→ STORED DATA:
-- Opening Marker --

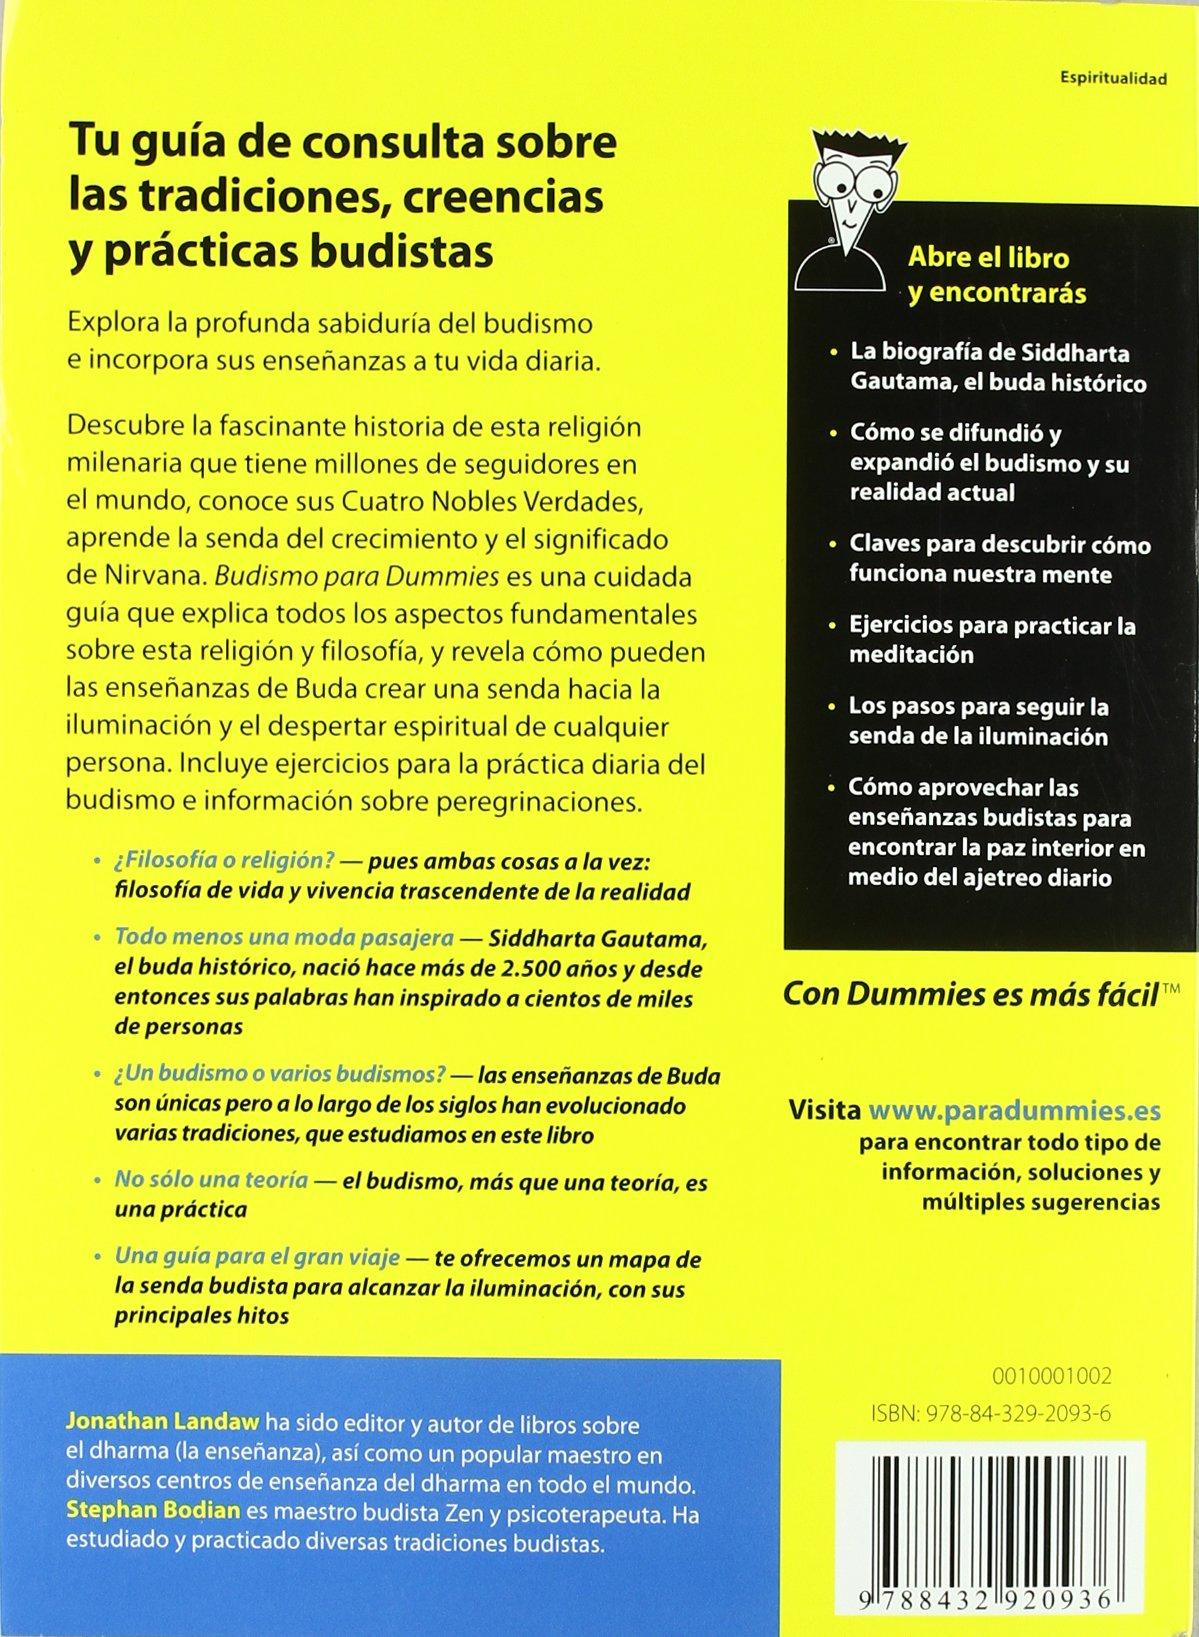 Budismo para Dummies: Amazon.es: Bodian, Stephan, Landaw, Jonathan ...
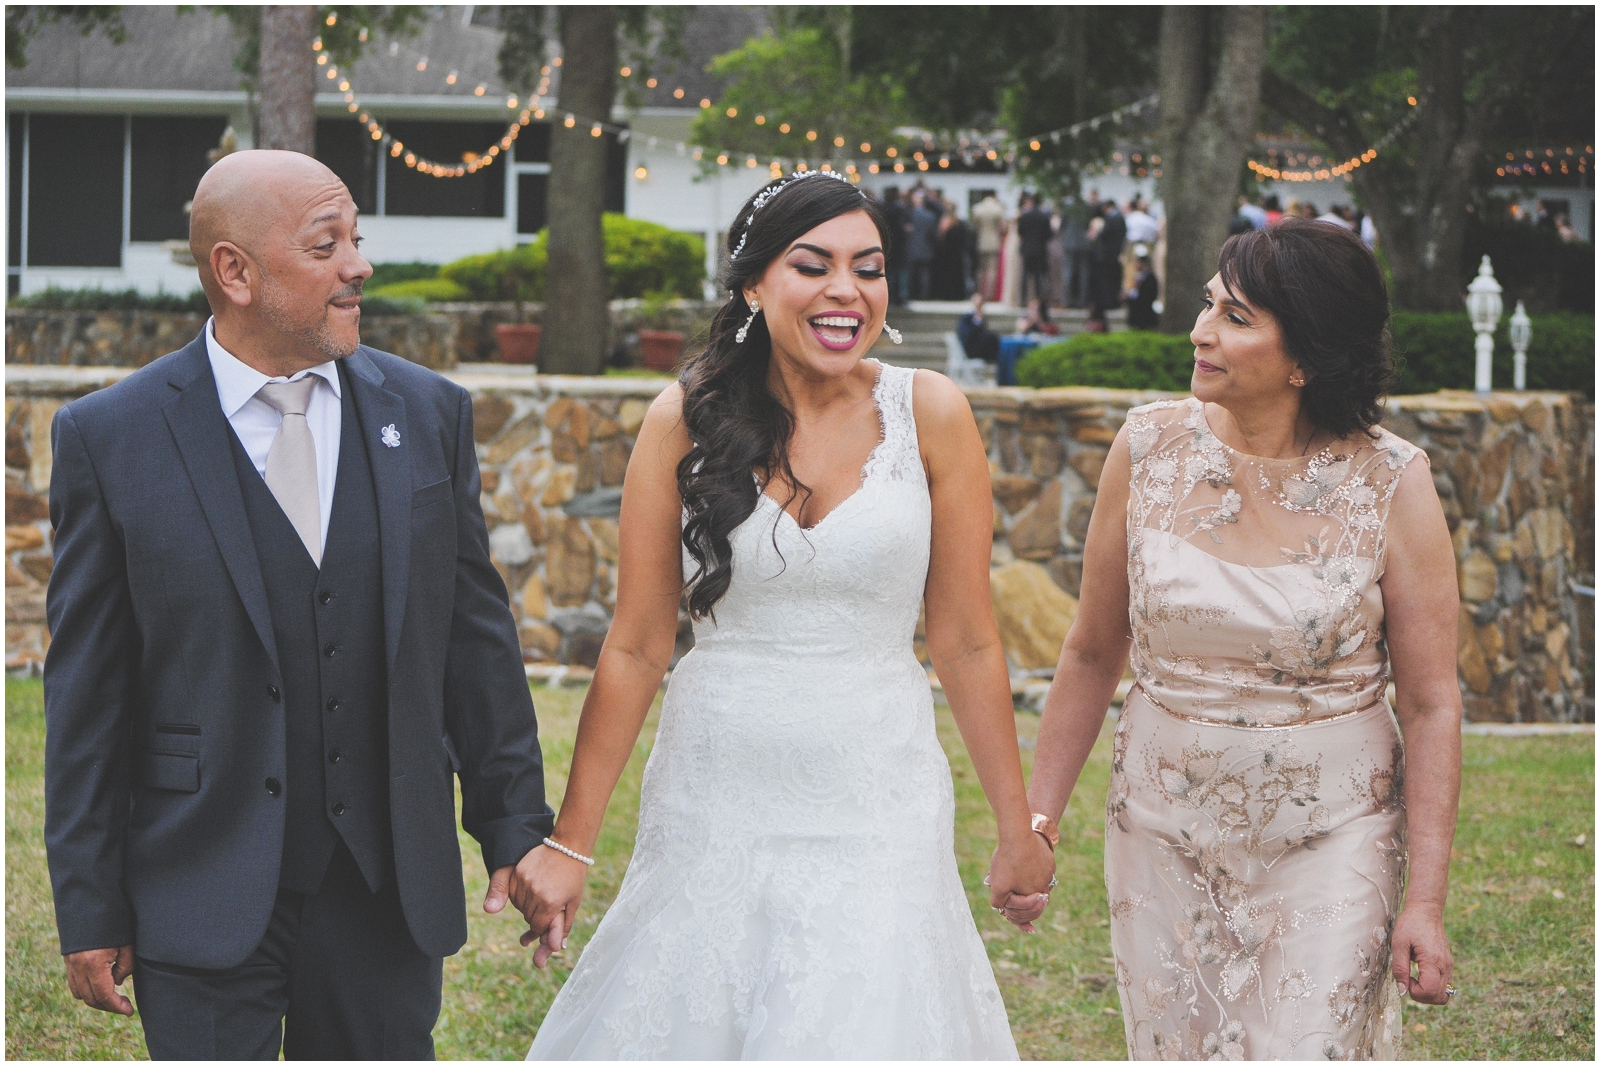 Rustic-Elegant-Wedding-Venue-in-Tampa-Stonebridge-Events_0431.jpg
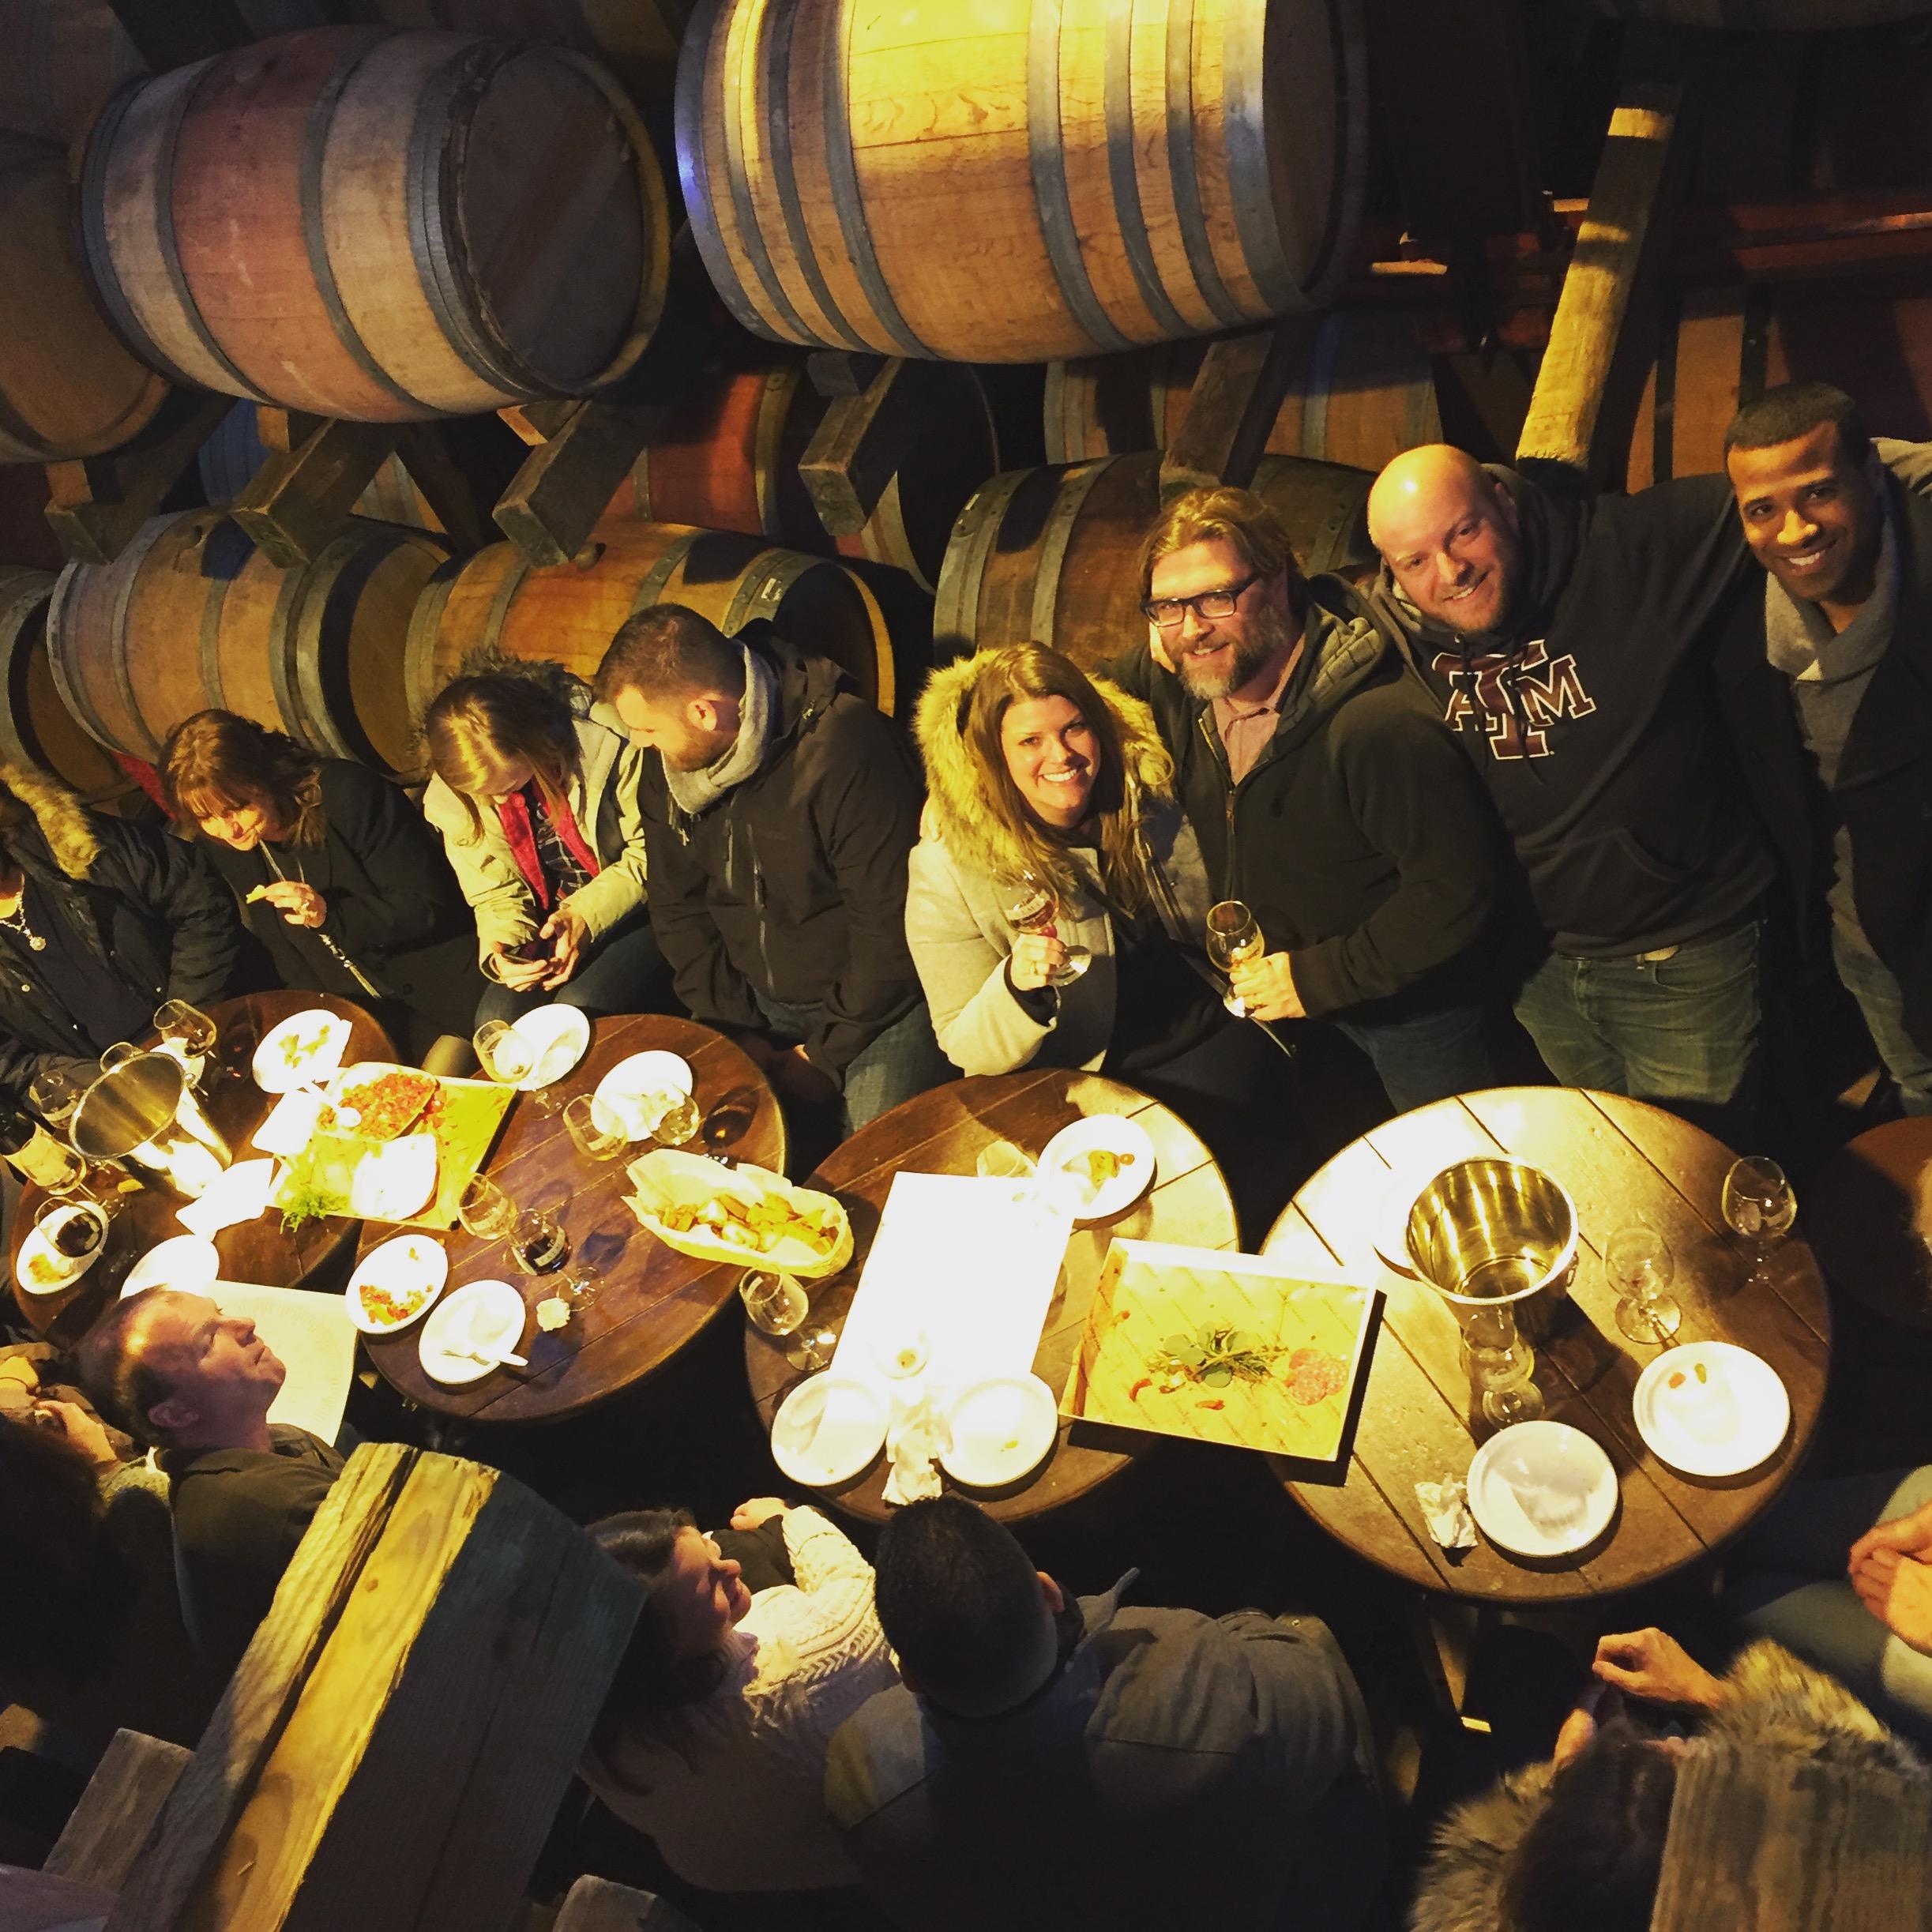 Barrel room tasting group

-- Closing Marker --

→ WHAT THE TASK REQUIRES: Every line of the data above should be repeated exactly. Omit the pictures.

→ REPLY TO THE EXERCISE:
 Budismo para Dummies: Amazon.es: Bodian, Stephan, Landaw, Jonathan ...
 Rustic-Elegant-Wedding-Venue-in-Tampa-Stonebridge-Events_0431.jpg
 Barrel room tasting group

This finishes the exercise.